By the way...do not forget to mention my reference(name=mohammed manzoor,from bangalore) in the mail..or else u might nt get a reply..


----------



## dizzyizzy (Mar 30, 2008)

mohammedmanzoor said:


> If u are looking at a freelancer to it...
> 
> I can do it
> 
> ...


Are you serious??? Clearly writing properly doesn't come easy for you


----------



## mohammedmanzoor (Nov 6, 2010)

dizzyizzy said:


> Are you serious??? Clearly writing properly doesn't come easy for you


I did apologize for the text speak.. Now i think you shouldn`t be putting me to the wall right..??..he he

By the way..building a company profile just takes a few templates and a little bit of help from MICROSOFT WORD .


----------



## pamela0810 (Apr 5, 2010)

That's how you would build a facebook profile. Building a professional company profile is very different.


----------



## mohammedmanzoor (Nov 6, 2010)

pamela0810 said:


> That's how you would build a facebook profile. Building a professional company profile is very different.


I take my words back...put my foot into my mouth..

Sorry

Let me go


----------



## jander13 (Mar 12, 2009)

> I take my words back...put my foot into my mouth..
> 
> Sorry
> 
> Let me go


no, stay and suffer you deserved it!


----------



## mohammedmanzoor (Nov 6, 2010)

jander13 said:


> no, stay and suffer you deserved it!




Hmm.. Okay.. I stay .. Go ahead.. Anyone got more to shout out..??. . I am waiting..


----------



## Jynxgirl (Nov 27, 2009)

mohammedmanzoor said:


> Hmm.. Okay.. I stay .. Go ahead.. Anyone got more to shout out..??. . I am waiting..


You are not far off from text speaking in that one. You should just try and write on the forum how you would write a professional email to someone within your company.


----------



## Hmorrar (Oct 31, 2010)

damn! you got tortured  Well to be honest, what you wrote in the thread didn't indicate powerful writing skills especially for a professional company profile 

But i hope the torturing is done though  hehe


----------



## Moe78 (Oct 29, 2010)

This is Dubai people!

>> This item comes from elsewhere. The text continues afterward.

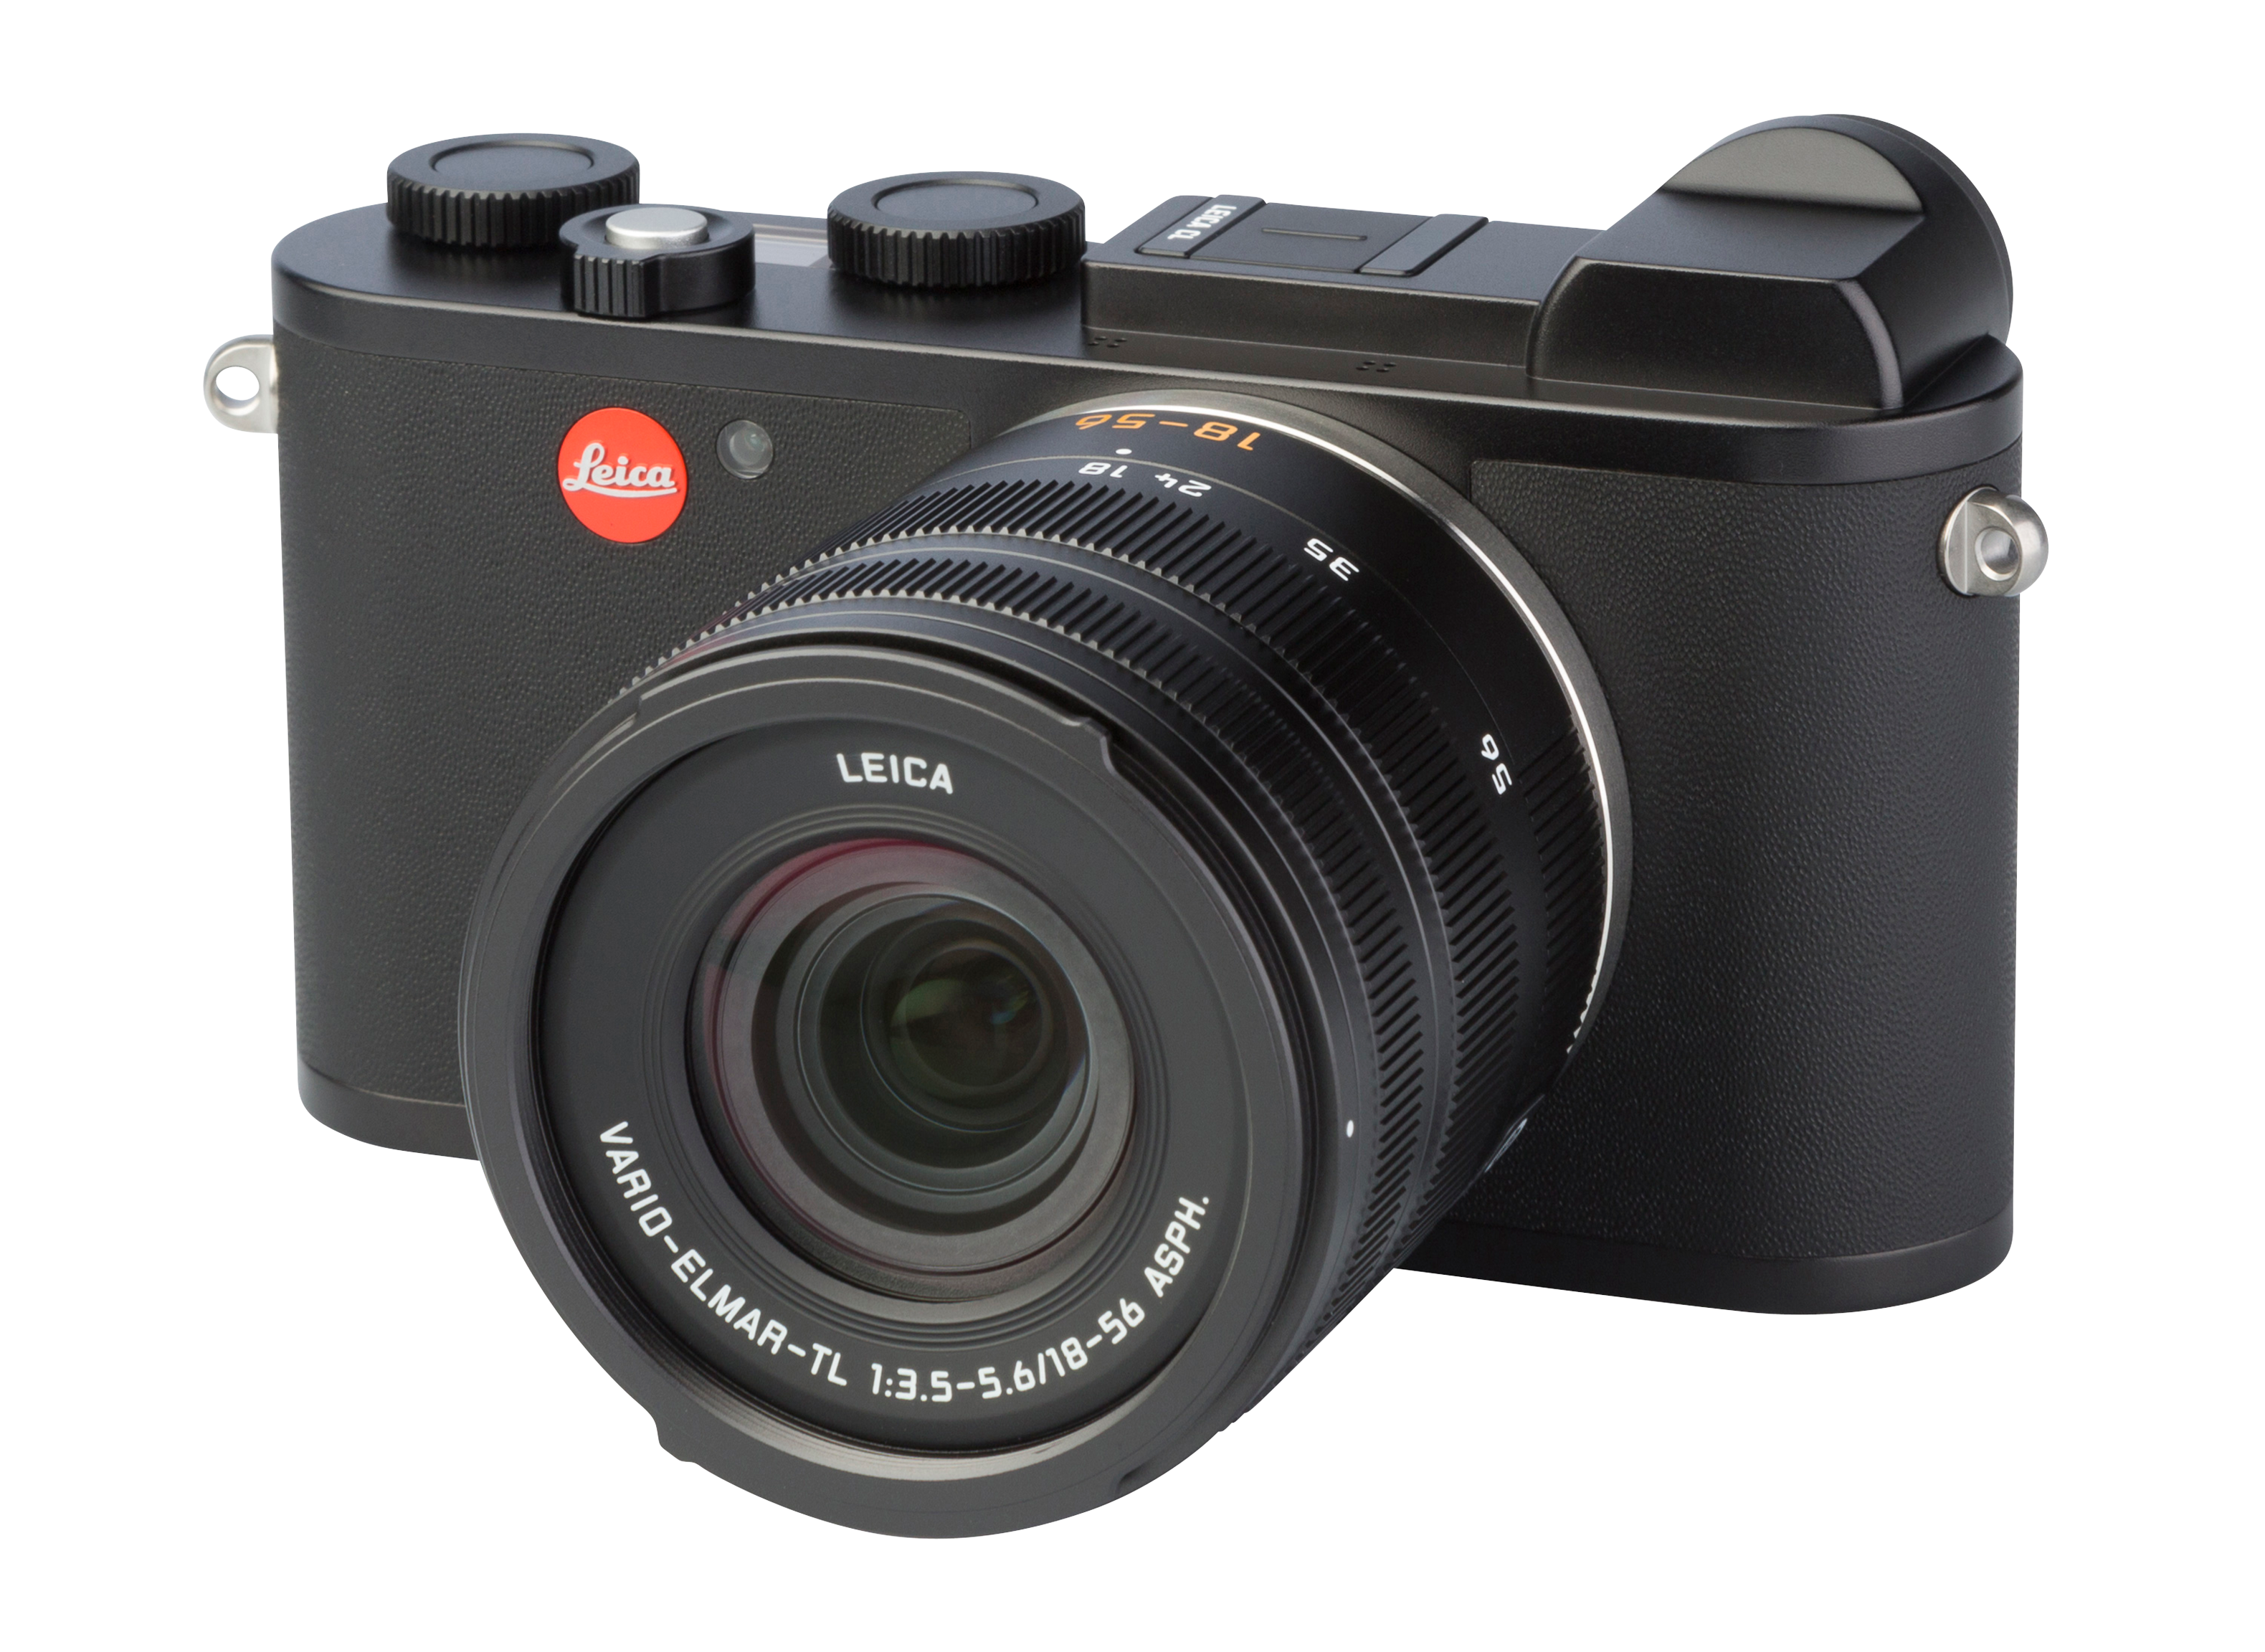 koppeling karakter opslaan Leica CL w/ 18-56mm Camera - Consumer Reports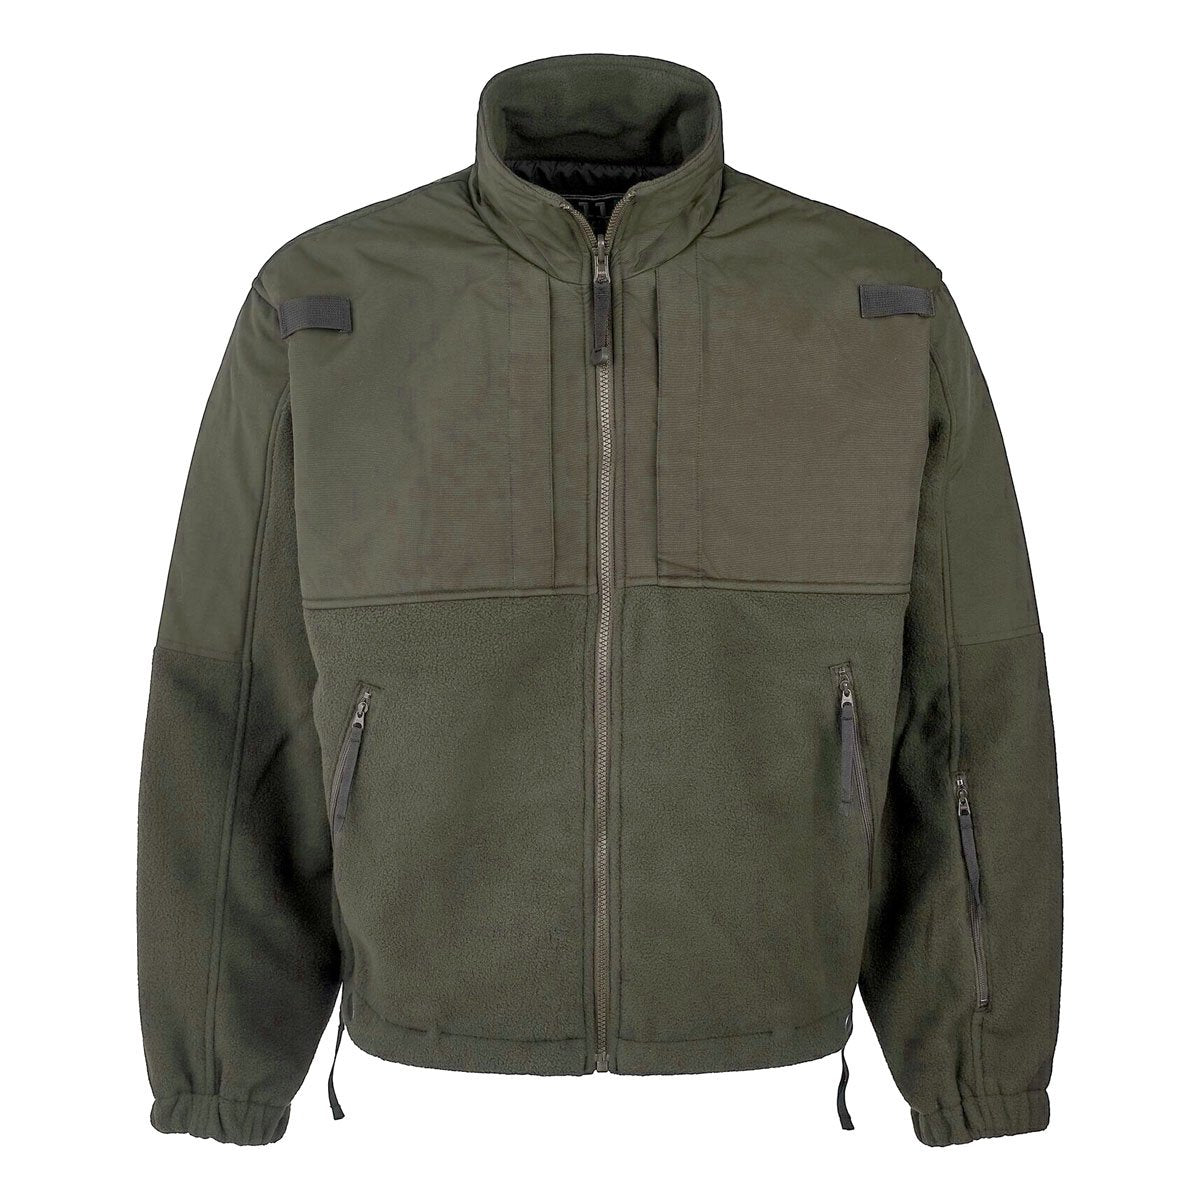 5.11 Tactical Fleece Jacket Outerwear 5.11 Tactical Sherriff Green Small Tactical Gear Supplier Tactical Distributors Australia

I can just go outside and notice dozens of grammatical and spelling errors in so-called "professional" templates for all companies big and small. Sometimes I am amazed at the lack of proper English language skills in this place especially when in many cases all they needed was a simple spell check.


----------



## Hmorrar (Oct 31, 2010)

yes that's true 100% But this doesn't mean it's ok to do the same mistakes


----------



## Yoga girl (Oct 19, 2008)

Moe78 said:


> This is Dubai people! I can just go outside and notice dozens of grammatical and spelling errors in so-called "professional" templates for all companies big and small. Sometimes I am amazed at the lack of proper English language skills in this place especially when in many cases all they needed was a simple spell check.


Considering most native speakers of English don't seem to know the difference between the "s" in a plural word (cars) from the Anglo Saxon genitive which indicates posession 's ..... I am not surprised. 
I have seen mistakes in well known magazines in the Editor's column!!! Sorry but it really gets me to cringe!!

And I do wonder how many people would be able to tell me the difference between "its" and "it's".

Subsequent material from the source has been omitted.